КД: Книга, написанная мной, только одна — «Соседи». Третий год работаю над второй. А в общей сложности, наверное, штук десять. Что-то оказалось важнее для меня, что-то менее важным. Где-то я чувствую себя соавтором книги, где-то — скорее, иллюстратором. «Балладу о маленьком буксире», к которой я сделала картинки по тексту Иосифа Бродского, я как свою ощущаю. Одно стихотворение, но книга — большая, поэтому я ее воспринимаю как свою книгу. У меня не очень длинная карьера, я не очень плодовита, работаю медленно.
ВГ: Может, потому что ты делаешь много разных вещей?
КД: Я действительно много чем занимаюсь. Я главный редактор издательства А+А, я работаю в «Галеев-Галерее», и периодически у меня есть еще какие-то проекты.
ВГ: Как к тебе приходит заказ книги? Автор обращается к тебе?

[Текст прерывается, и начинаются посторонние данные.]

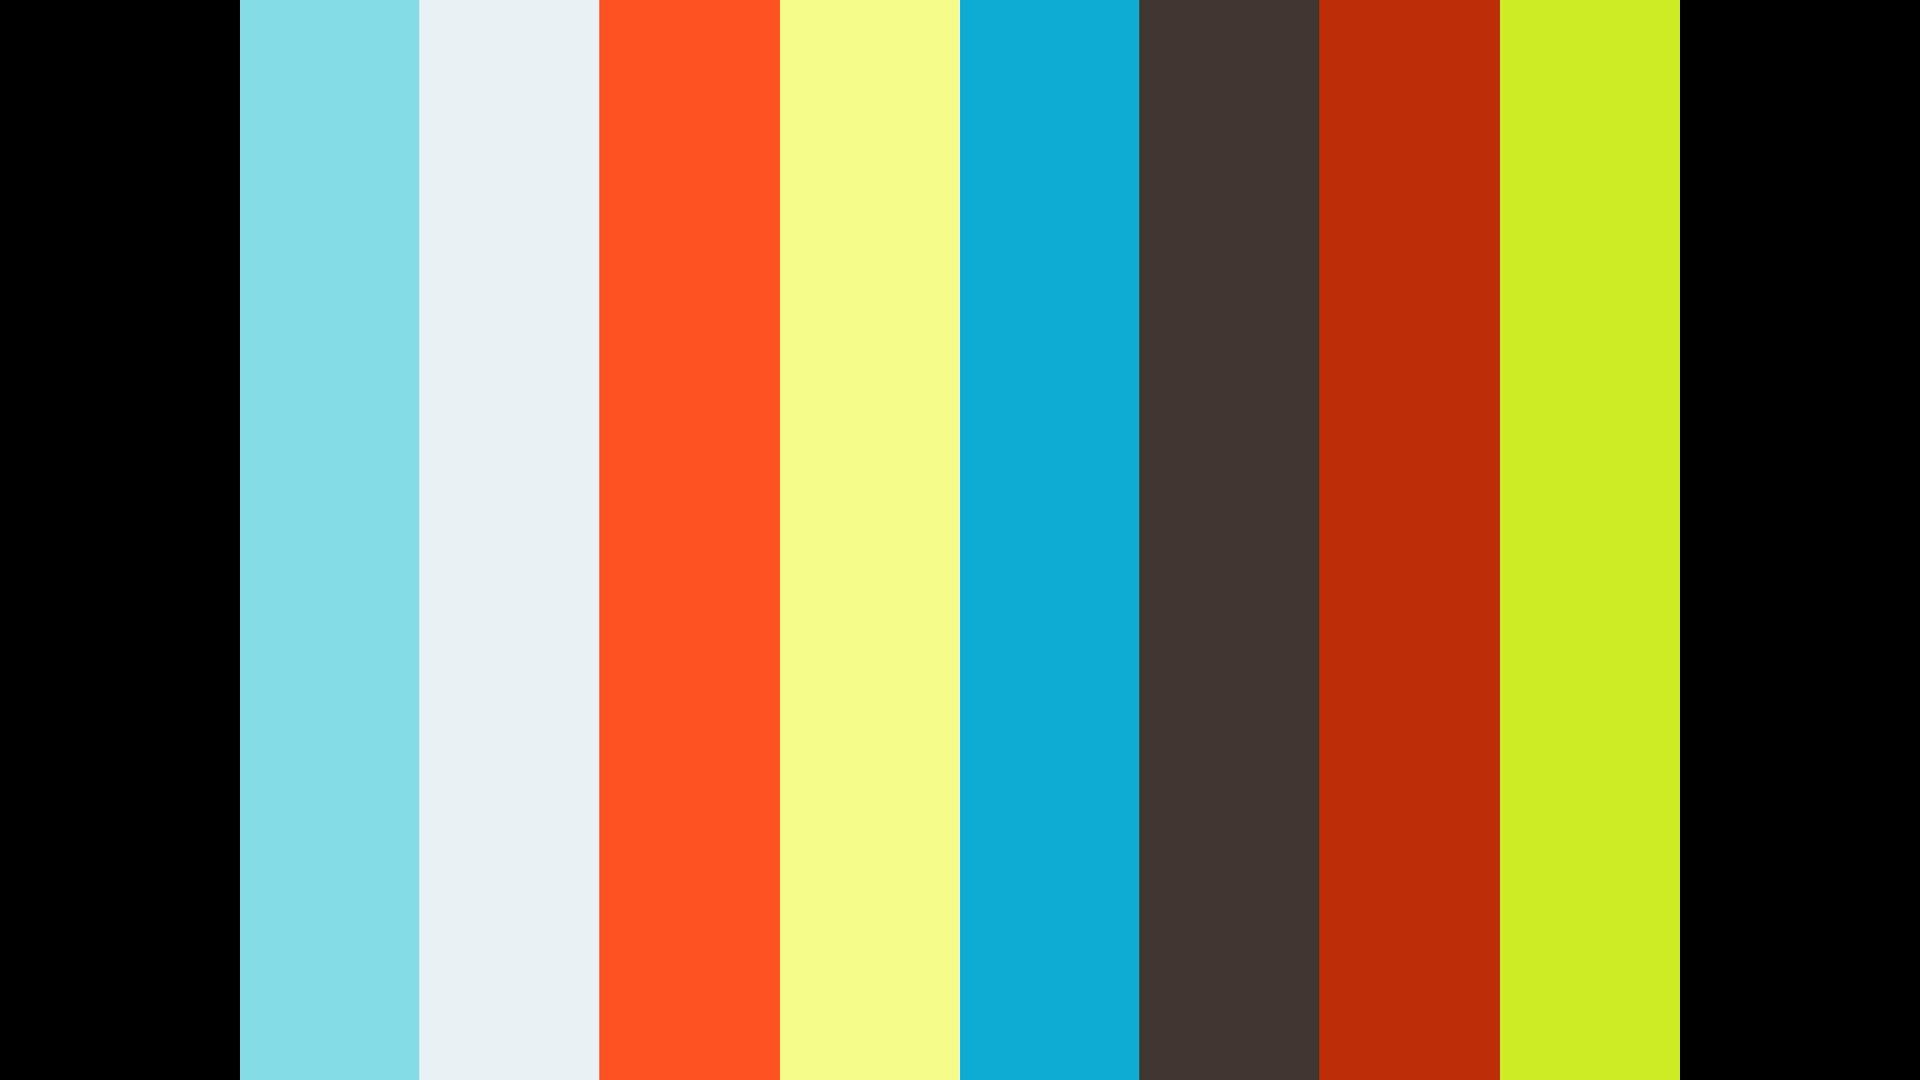 GALA_BEGIRADAK_TOPIC_2020

КД: Заказы по-разному приходят. В Европе и Америке — через агента. Но так я сделала не так уж много книг. Больше всего я люблю то, что инициирую сама. В России люди просто знают меня и пишут. Для меня иллюстрация не главный источник дохода, я выбрала работать еще и на других работах. Наверное, я и не смогла бы зарабатывать только иллюстрацией, потому что по-настоящему иллюстраторы зарабатывают деньги, когда начинают работать с рекламой, с журналами, с какими-то не книжными заказами, которые мне никогда не были интересны. Я не способна к рисованию на быстрое реагирование и решила этому не учиться. Я имею счастливую возможность выбирать, что я делаю, и делаю только то, что хочу. Поэтому у меня получается делать по одной, максимум, две, книги в год. И я довольна. Конечно, хотелось бы больше, хотелось бы доделать свои проекты. Я очень люблю все свои работы, но, к сожалению, главная проблема заключается в том, что переключение с организаторской, менеджерской работы на рисование мне дается с трудом. Не то, что времени на рисование не хватает, не хватает как бы времени на это переключение.

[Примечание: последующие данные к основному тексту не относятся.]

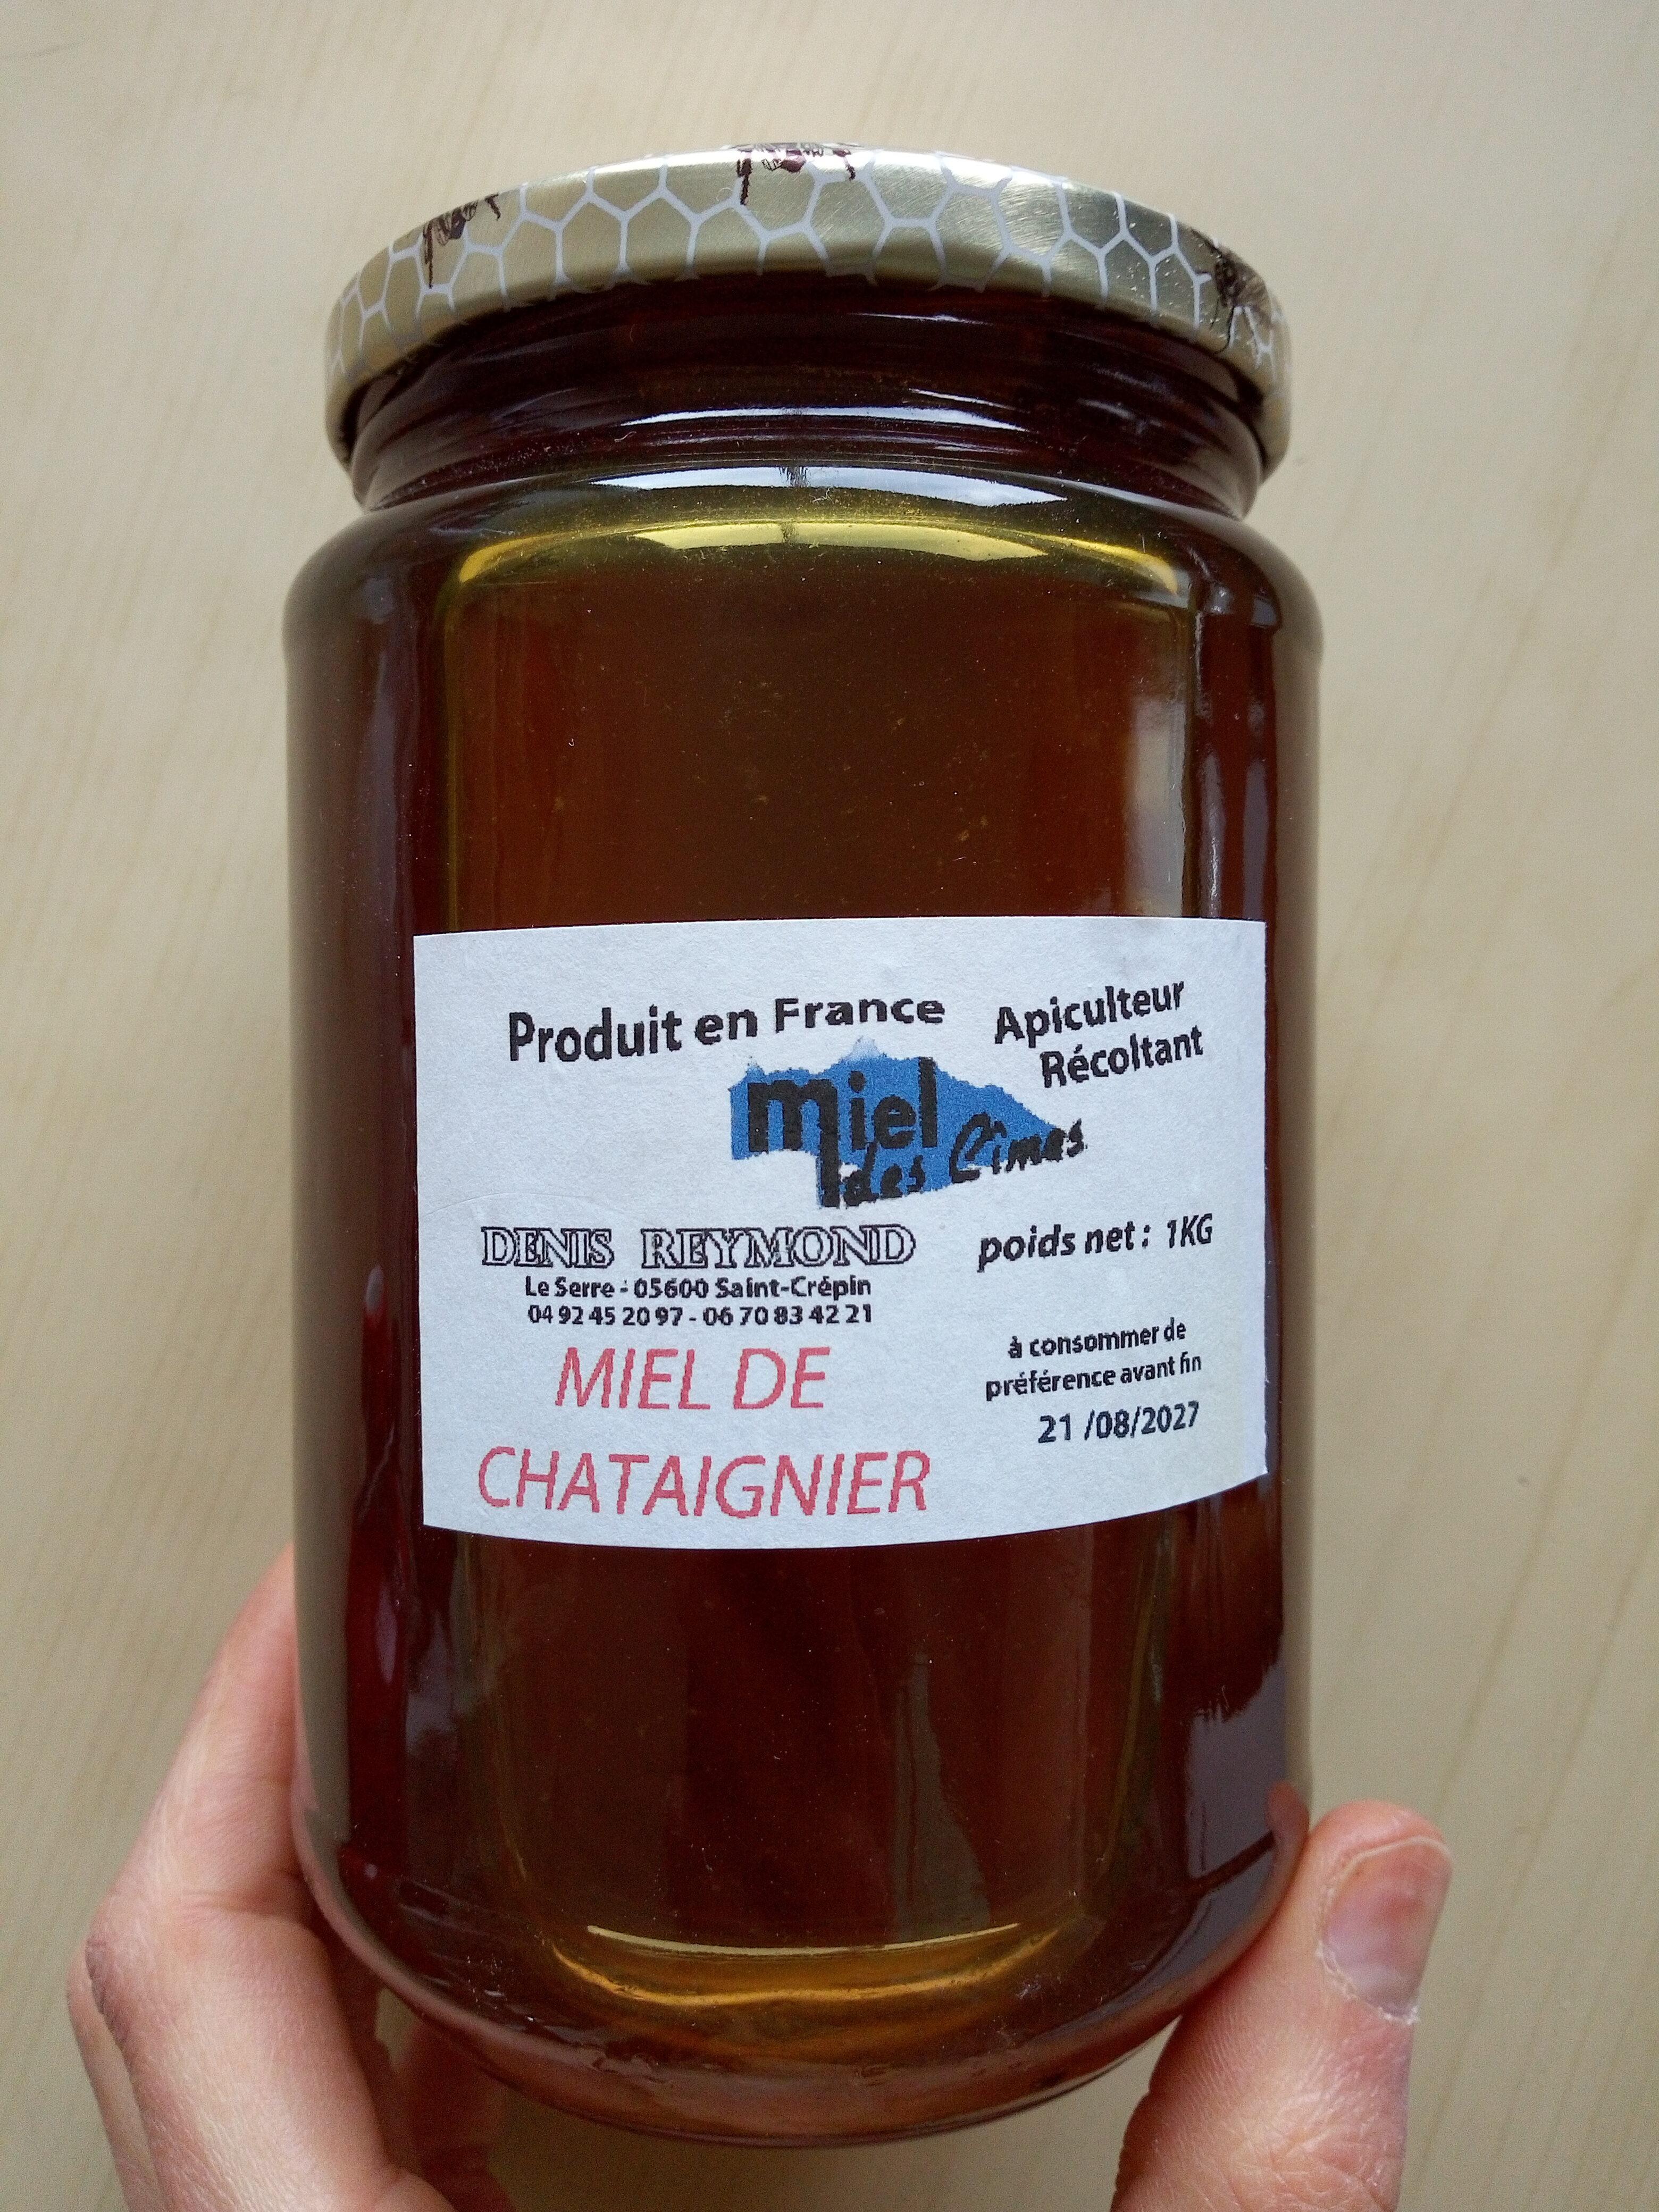 Miel de châtaignier - Instruction de recyclage et/ou informations d'emballage - fr

ВГ: Очень хорошо тебя понимаю. Не просто переключиться на что-то другое — творческое, для этого нужно сначала создать некий вакуум. Это не работает как 1+1=2, а скорее как 1+1=3, потому что необходимо время на паузу между.
КД: Ну, да. А если у тебя еще работа ежедневная, ты до восьми вечера отвечал на звонки и письма, редактировал тексты… Потом есть у тебя два часа, чтобы порисовать, но как в это войти, уже совершенно непонятно. Когда у меня был жесткий дедлайн, когда нужно было обязательно каждый день переключаться на несколько часов на рисование, я ложилась спать на полчаса. Я не понимала, как без этого можно, взять и соскочить. Положить телефонную трубку, порисовать пятнадцать минут, потом ответить на сообщение — пока не понимаю как.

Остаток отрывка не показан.